The image locking system 28 can include a digital light processor
(DLP) or digital micromirror device (DMD) 30, a concave mirror 32,
a convex mirror 34, a beam splitter 36, a reaction cell 38, a
camera 40, a laser 42, and a UV lamp 44. In an exemplary
embodiment, the laser 42 is a He--Ne laser with a wavelength of
632.8 nm (red light) and does not disturb the photochemical
reaction of oligonucleotide synthesis. The He--Ne laser beam from
the laser 42 is projected to a reaction cell 38 using an "off"
state (rotated -10.degree.) of micromirrors without interrupting
the current UV exposure system with UV light from the UV lamp 44
which is projected to the reaction cell 38 using an "on" state
(rotated 10.degree.) of micromirrors. The He--Ne laser 42 is at the
opposite side of the UV lamp 44 with incident angle of -20.degree.
into the DMD 32.
[0074] The system 28 can be a 0.08 numerical aperture reflective
imaging system based on a variation of the 1:1 Offner relay. Such
reflective optical systems are described in A. Offner, "New
Concepts in Projection Mask Aligners," Optical Engineering, Vol.
14, pp. 130-132 (1975). The DMD 30 can be a micromirror array
available from Texas Instruments, Inc. The reaction cell 38
includes a quartz block 47, a glass slide 49, a projected image 51,
a radiochromic film 52, and a reference mark 53. The UV lamp 44 can
be a 1000 W Hg Arc lamp (e.g., Oriel 6287, 66021), which can
provide a UV line at 365 nm (or anywhere in a range of 350 to 450
nm). Other sources, such as, e.g., Ar-ion lazers and Hg--Xe high
pressure lamps, may also be used.
[0075] The laser 42 projects a laser beam onto beam splitter 36
which reflects a portion of the beam onto DMD 30. DMD 30 has a
two-dimensional array of individual micromirrors which are
responsive to the control signals supplied to the DMD 30 to tilt in
one of at least two directions. A telecentric aperture may be
placed in front of the convex mirror 34.
[0076] The camera 40 is a closed circuit device (CCD) camera used
to capture an image of one or more alignment marks. The captured
image is transferred to a computer 46 for image processing. When a
misalignment is detected, correction signals are generated by the
computer 46 and sent to actuators 48 and 50 as the feedback to
adjust the mirror 32, so that the correct alignment is
reestablished. In at least one alternative embodiment, three
electro-strictive actuators (instead of actuators 48 and 50) are
used to provide minimum incremental movement of 60 nm and control
the rotations and movement of the mirror 32. The displacement of
the projected image at the glass slide is highly sensitive to the
rotations and movement of the mirror 32.
[0077] FIG. 12 illustrates the alignment mark 53 patterned on the
quartz block 47 in the reaction cell 38. The quartz block 47
includes an outlet 55 and an inlet 57 through which fluid may flow
through the reaction cell 38. Such reaction cells are described in
U.S. Pat. Nos. 6,375,903, 6,315,958, and 6,444,175. A predefined
micromirror pattern shown in FIG. 13 is projected, being centered
at the alignment mark 53. In an exemplary embodiment, the projected
image 51 is manually aligned at the beginning of synthesis, so that
the center of the projected image 51 is overlapped with the center
of the alignment mark 53. The CCD camera 40 is used to capture the
image that is formed by a 20.times. (long focal length) microscope
lens, which is focused at the middle between the reference mark 53
and the projected image 51. An image processing program in the
computer 46 calculates the centers of the reference mark 53 and the
projected image 51, generating the amount and direction of any
displacement, and sending its correction signals to the
corresponding actuator(s) 48 and/or 50. The reference mark 53 is
patterned on the surface of the quartz block 47 as shown in FIG.

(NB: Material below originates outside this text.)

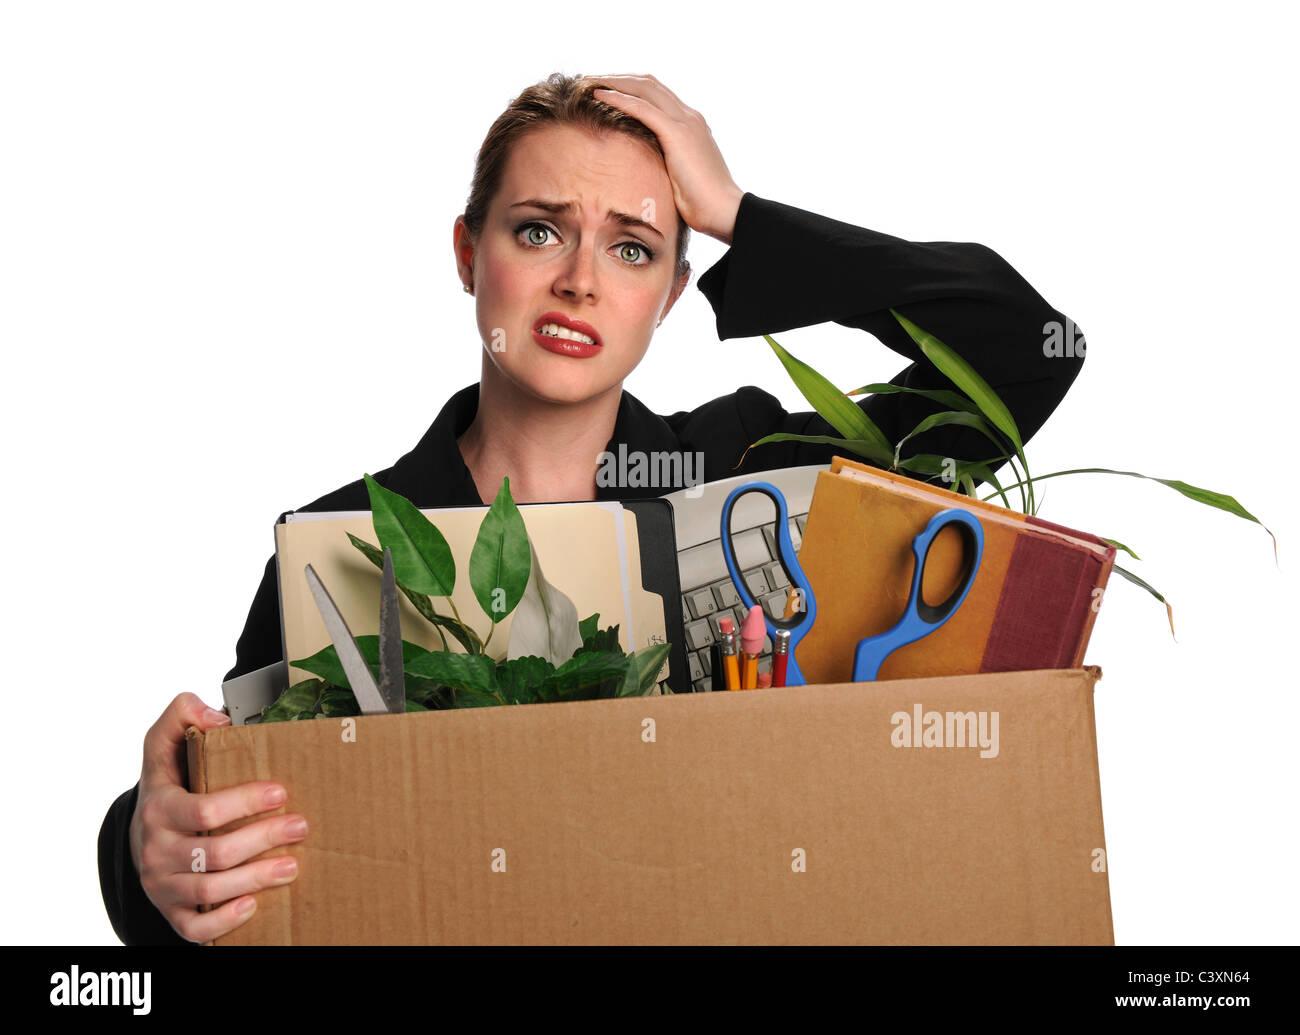 Upset businesswoman carrying office belongings after loosing job - Stock Image

12. The relative position of the projected image 51 to the
reference mark 53 is shown in FIG. 14.
[0078] FIG. 15 illustrates a cross-sectional view of the reaction
cell 38. The projected image 51 is focused on an inner glass slide
surface 61 of the glass slide 49 where the oligonucleotides are
grown. The reference mark 53 and the projected image 51 are not at
the same focus plane. A microscope lens focuses at the middle plane
between the reference mark 53 and the projected image 51. As such,
the image captured by the camera 40 is blurred, as shown in FIG.

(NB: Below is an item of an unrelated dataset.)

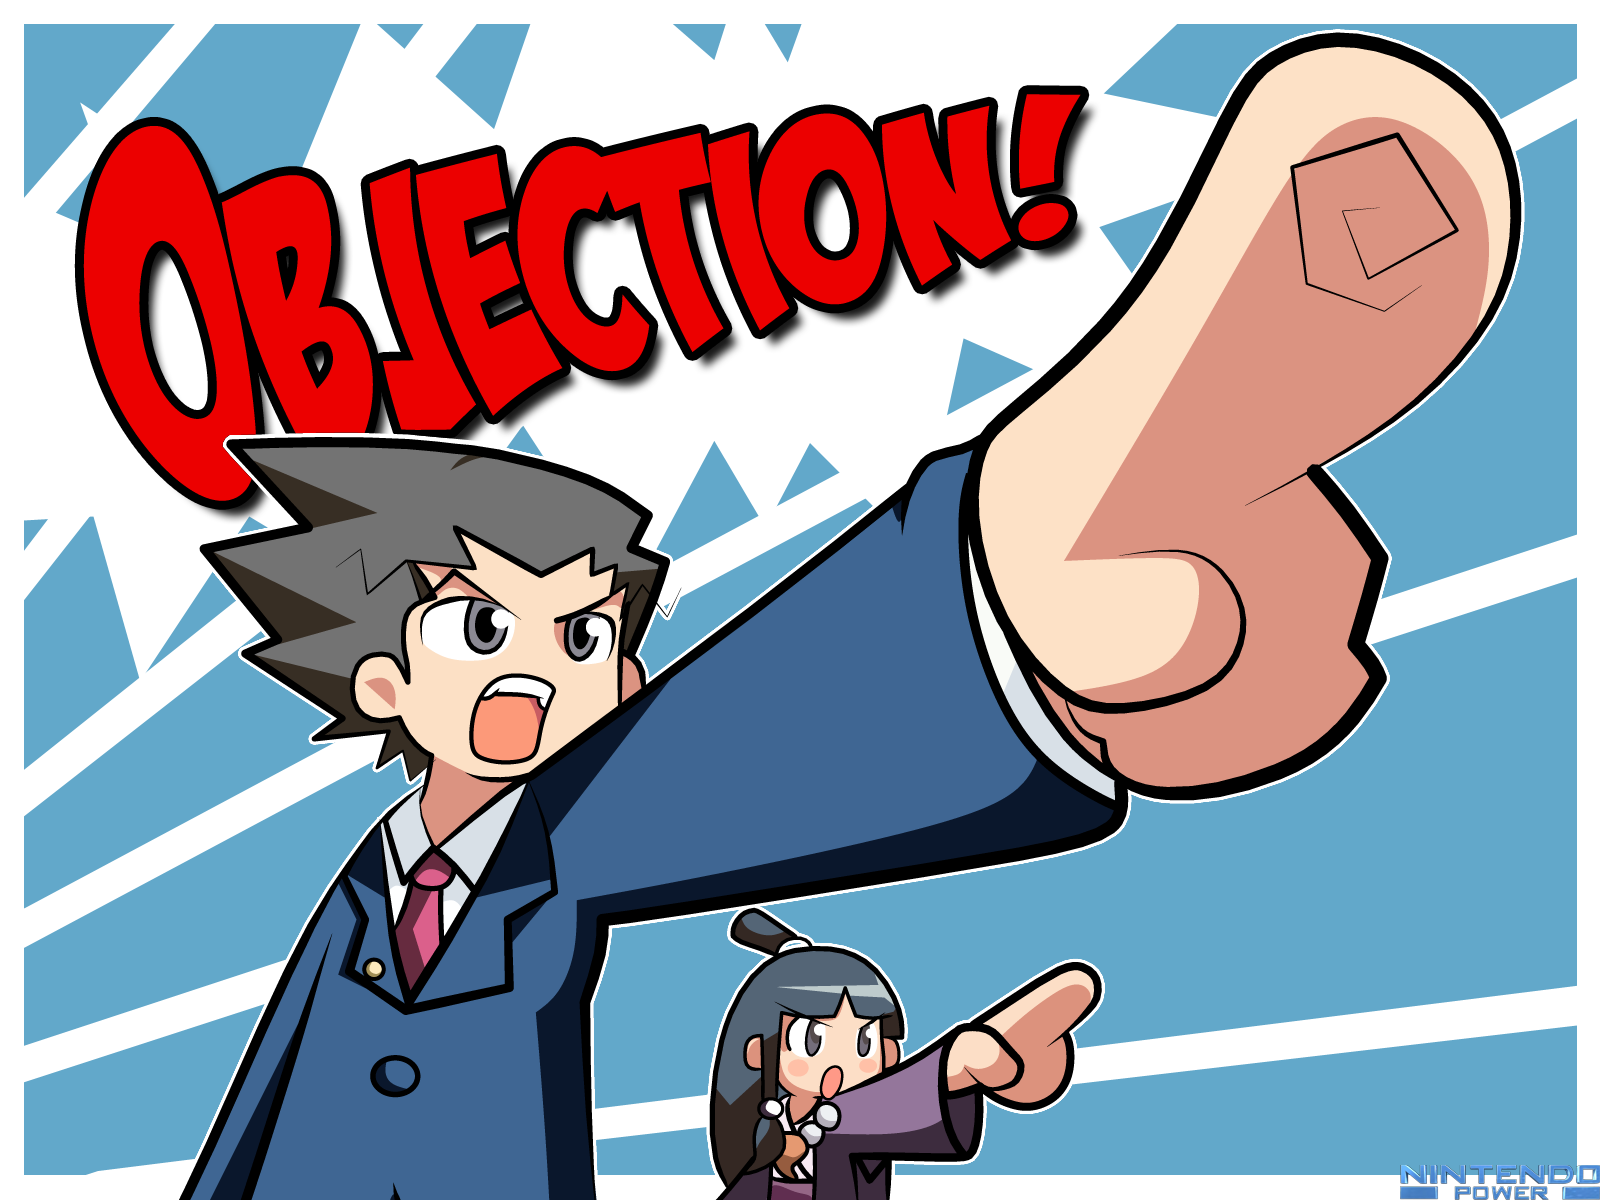 Objection Chibi Version Phoenix Wright Anime Images Ace

16. The gap between the glass slide surface 61 and quartz block
surface 65 of the quartz block 47 is on the order of 100 .mu.m. To
locate the center position of each pattern, a 2D optical pattern
recognition technique, which is based on correlation theory, is
used. Correlation analysis compares two signals (or images) in
order to determine the degree of similarity, where input signal is
to be searched for a reference signal. Each correlation gives a
peak value where the reference signal and input signal matches the
best. If the location of this value is different from the previous
value, it means that the image has been shifted, indicating the
need of correction.
[0079] In an exemplary embodiment, an image processing procedure
calculates the image displacement from the images captured by the
camera 40, by calculating the cross-correction signals between a
captured input image described with reference to FIG. 19, the
reference mark 53 of FIG. 17, and the projected image 51 of FIG.
18. The cross-correlation is a measure of the similarity between
two images, such as images from FIGS. 17 and 19 and such as images
from FIGS. 18 and 19. Mathematically, the cross-correlation can be
calculated as: c gh .function. ( X , Y ) = .intg. - .infin. .infin.
.times. .intg. - .infin. .infin. .times. g .function. ( x , y )
.times. h .function. ( x + X , y + Y ) .times. .times. d x .times.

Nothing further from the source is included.